There was a period of time when Costner seemed like America’s most beloved movie star — not just popular but somehow embodying all that is good and just about this allegedly great land of ours. But like lots of aspiring actors, first he had to struggle. Born in January 1955, he’d started landing some small film roles in his early 20s, but over the next several years he couldn’t catch his big break. Then he was cast as the vibrant cowboy Jake in 1985’s Silverado, a Western that would become one of his most reliable genres. “Being awarded that part was just a total gift,” Costner said recently. “It was a career-making role, a scene-stealing role. It’s like, you always take what you have and you try to stay on focus. But [director and co-writer Lawrence Kasdan] wrote it so beautifully — along with his brother, Mark Kasdan — that the character was designed to just jump off the page.”
It was a happy ending after Lawrence Kasdan had cast him in his previous film — the Oscar-nominated The Big Chill, where he was to play the friend whose suicide reunites his old buddies — only to later decide to cut his part. (“It doesn’t matter [that the part was cut],” Costner later said. “I knew I was with the right circle of people.”) But after Silverado, Costner went on a roll, becoming a dependable Gary Cooper-type hero in The Untouchables and No Way Out, a solidly romantic leading man in Bull Durham and the master of the male weepie as a repentant son finally making peace with his father in Field of Dreams. If we tend to think of the 1980s as a time of muscle-bound action heroes like Sylvester Stallone and Arnold Schwarzenegger, Costner represented a countermeasure — a throwback to a more rugged, human-scaled masculinity on screen. His characters were decent, noble guy’s guys — the epitome of the regular dude you’d like to have a beer with. He wasn’t impossibly buff or overly actorly. He was just one of us.
“I actually kind of like that,” he said in 1987 when this “just one of us” idea was presented to him as the secret to his appeal. “I don’t like a lot of posturing, I don’t like a lot of intrigue. It’s tiring, and it’s hurtful. If I wanted someone to say something [about me], that’s kind of an interesting thing. It’s not very eccentric, it’s pretty even-steven down the road. I guess, maybe, that’s my deal.”
He’s the kind of guy who’d use “even-steven” in an interview.
Costner’s stardom would only increase from there. At the end of 1990, he released the Western Dances With Wolves, his directorial debut about a Civil War soldier who goes off to live with a Native American tribe, rejecting the cruelty and ignorance of the white man. “I wasn’t looking for this particular subject, for this particular movie,” he admitted to The New York Times around the film’s release. “It was just there.” The article commented on Costner’s “laid-back, folksy style,” and it was that aw-shucks genuineness that helped sell Dances With Wolves both to audiences and Academy members.

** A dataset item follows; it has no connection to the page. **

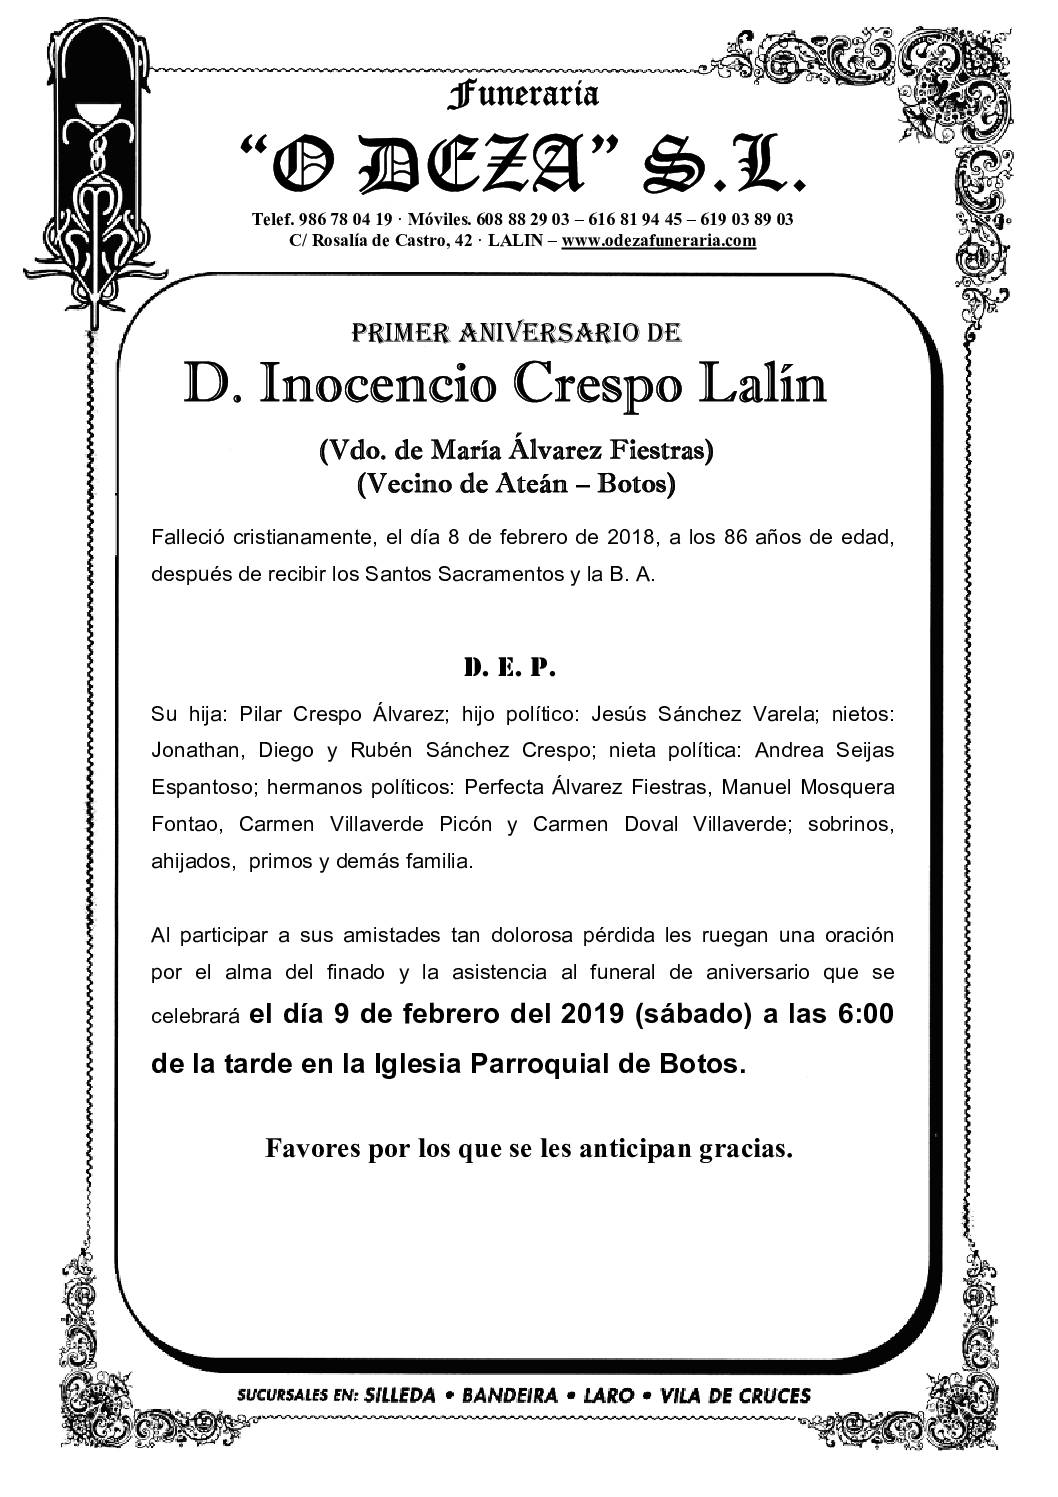 D. INOCENCIO CRESPO LALIN

Unquestionably earnest and well-intentioned, the liberal-minded film won seven Oscars, including Best Picture, famously beating Goodfellas. The contrast between the two movies couldn’t have been starker. Martin Scorsese’s mobster drama was a dark, violent study of some very bad men. Dances With Wolves was made by a likable everyman espousing honorable ideas about respecting America’s indigenous people. Who says nice guys always finish last?
Costner’s Oscar triumph — he walked away with two Academy Awards himself — took place on March 25, 1991. He was 36 years old. A pretty enviable spot for any Hollywood actor or filmmaker, especially for someone who tried his best not to carry himself like a big shot. “I have the same problem with stardom that I have with royalty,” he said in a 1989 Time profile that hailed him as “a grownup hero with brains.” “They’re judged not by the quality of their ideas but by their birthright. I didn’t set out to be a star. If you do, you engage in manipulation. You do stuff to be liked. I didn’t want to be endorsed; I wanted to be listened to.”
A couple months after the Oscars, Madonna: Truth or Dare arrived in theaters. Born in August 1958, Madonna was then among the biggest pop stars in the world who, at that stage, already had nine No. 1 singles. Truth or Dare was a documentary that followed her along on her Blond Ambition tour of the previous year, chronicling her insecurities, love life (she was dating her Dick Tracy director Warren Beatty) and spectacular concerts. It also allowed for some incredibly candid moments, with one scene in particular quickly getting people’s attention. It was from a May 1990 show in L.A. in which Costner went backstage to congratulate her. This is what he said:
“I thought it was neat,” the grinning, amiable Costner tells her, and instantly it’s clear to everyone in the room that he’s the dorkiest dude on the planet. “No one’s ever described it quite that way,” Madonna sniffs in response, just aghast and wanting him gone. After Costner does leave — he’s smart enough to know he’d probably better slink away — we see Madonna put her fingers down her throat, indicating that his nicey-nice comment makes her want to gag. “Anybody who says my show is ‘neat’ has to go,” she later snarks to the camera. The implication of the moment was obvious: Artists like Madonna were envelope-pushing provocateurs, challenging America’s prudishness around sex and female liberation, while guys like Kevin Costner… well, they were normies before the term had even been coined.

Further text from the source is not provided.